Trusted by the Top SEO Experts and Entrepreneurs
Rachel Parisi
★ ★ ★ ★ ★
I purchased another three aged domains from Odys in a seamless and painless transaction. John at Odys was super helpful! Odys is my only source for aged domains —you can trust their product.
Stefan
★ ★ ★ ★ ★
Odys is absolutely the best premium domain marketplace in the whole internet space.

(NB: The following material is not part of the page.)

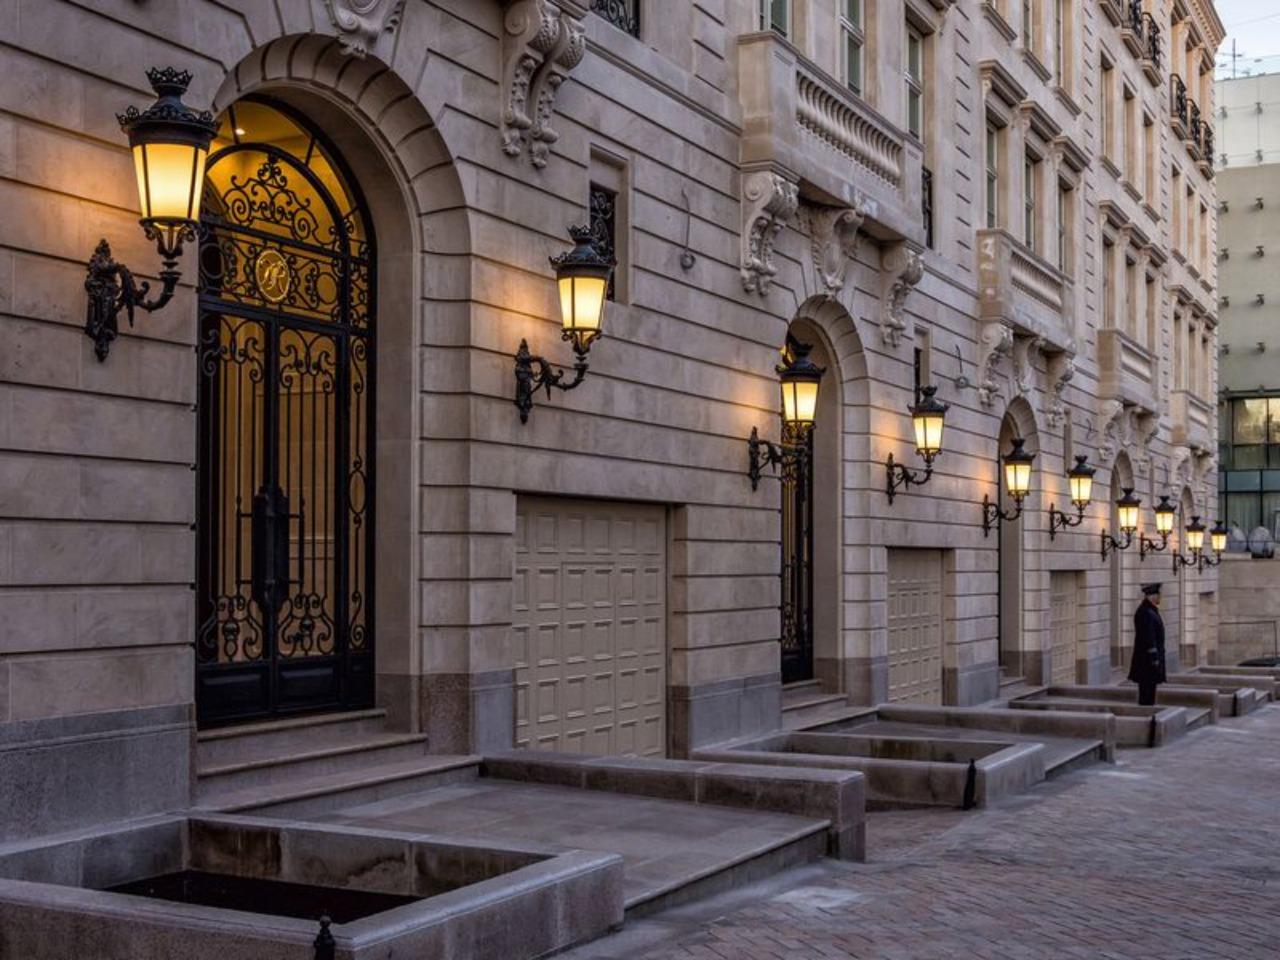 Москва на стыке двух веков - индивидуальная экскурсия по Москве от опытного гида

You will not go wrong with them.
Adam Smith
★ ★ ★ ★ ★
Great domains. Great to deal with. In this arena peace of mind can be difficult to come by, but I always have it with Odys and will continue to use them and recommend them to colleagues and clients.
Brett Helling
★ ★ ★ ★ ★
Great company. Very professional setup, communication, and workflows. I will definitely do business with Odys Global moving forward.
Larrian Gillespie Csi
★ ★ ★ ★ ★
I have bought 2 sites from Odys Global and they have both been of high quality with great backlinks. I have used one as the basis for creating a new site with a great DR and the other is a redirect with again high DR backlinks. Other sites I have looked through have low quality backlinks, mostly spam. I highly recommend this company for reliable sites.
Henry Fox
★ ★ ★ ★ ★
Great company!
Vijai Chandrasekaran
★ ★ ★ ★ ★
I’ve bought over 30 domains from Odys Global in the last two years and I was always very satisfied. Besides great quality, niche-specific auction domains, Alex also helped me a lot with SEO and marketing strategies. Auction domains are not cheap, but quality comes with a price. If you have the budget and a working strategy, these domains will make you serious money.
Keith
★ ★ ★ ★ ★
Earlier this year, I purchased an aged domain from Odys as part of a promo they’re running at the time. It was my first experience with buying an aged domain so I wanted to keep my spend low. I ended up getting a mid level DR domain for a good price. The domain had solid links from niche relevant high authority websites. I used the site as a 301 redirect to a blog I had recently started. Within a few weeks I enjoyed new traffic levels on my existing site. Happy to say that the Odys staff are friendly and helpful and they run a great business that is respected within the industry.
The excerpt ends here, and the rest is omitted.